Two other trainers who had been present for the session made no direct complaint and were not interviewed by the Bank (a factor which led, along with the bank’s delay in investigating the matter, to the Tribunal concluding that the bank had also failed to conduct a reasonable investigation).
Sanction of dismissal was unreasonable
The Bank relied on its stance as a zero-tolerance employer as justification for its decision to dismiss Mr Borg-Neal. The dismissing manager told the Tribunal that he had felt that not dismissing Mr Borg-Neal would amount to condoning his use of the word.
The Tribunal held that this was not a reasonable view given that Mr Borg-Neal had immediately and repeatedly apologised. He had also offered to apologise to the trainer directly. He had been trying to learn about the topic and, following the incident, said he was open to attending further training. He consistently accepted that he should not have used the word.

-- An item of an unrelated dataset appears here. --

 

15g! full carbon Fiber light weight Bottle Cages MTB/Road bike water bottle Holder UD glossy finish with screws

Why was the dismissal discriminatory?
The evidence showed that, on the balance of probabilities, Mr Borg-Neal’s dyslexia was a strong causal factor for why he used the full word without finding a way to avoid it. Apparently, this was because his condition could cause him to lose concentration and, on occasion, to blurt things out.

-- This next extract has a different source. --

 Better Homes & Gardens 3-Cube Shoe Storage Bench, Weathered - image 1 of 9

Whilst the Bank had legitimate aims in dismissing Mr Borg-Neal (i.e. to make it clear that this language was not unacceptable and not tolerated, and to further its anti-racist education programme) dismissing Mr Borg-Neal was not a proportionate means of achieving that aim. In this case, the Bank could have instead issued a warning and required him to undergo further training.
Comment
The Tribunal were very keen to stress that when considering cases of this nature, context is everything. They also made it clear that it was reasonable for the Bank to take the view that the word used by Mr Borg-Neal was appalling and should never be used in a professional context. However, whether Mr Borg-Neal should have been dismissed for having used the word was a separate question.
The key takeaway is to take a step back when an employee does something which, on the fact of it, is clearly gross misconduct, and to ensure that an investigation into the full circumstances is carried out efficiently and thoroughly.
This case highlighted that it will not always be a defence for an employer to say that it takes a ‘zero tolerance’ approach to a particular type of conduct, and particularly not where that conduct may have arisen as a result of a disability. Thought needs to be given to the intention behind the particular conduct, and if other sanctions (short of dismissal), would achieve the desired outcome. Where a disability is involved, it is always advisable to consider (with the benefit of medical evidence) whether the disability may have been a contributory factor in the misconduct and, if so, whether dismissal can be justified nonetheless.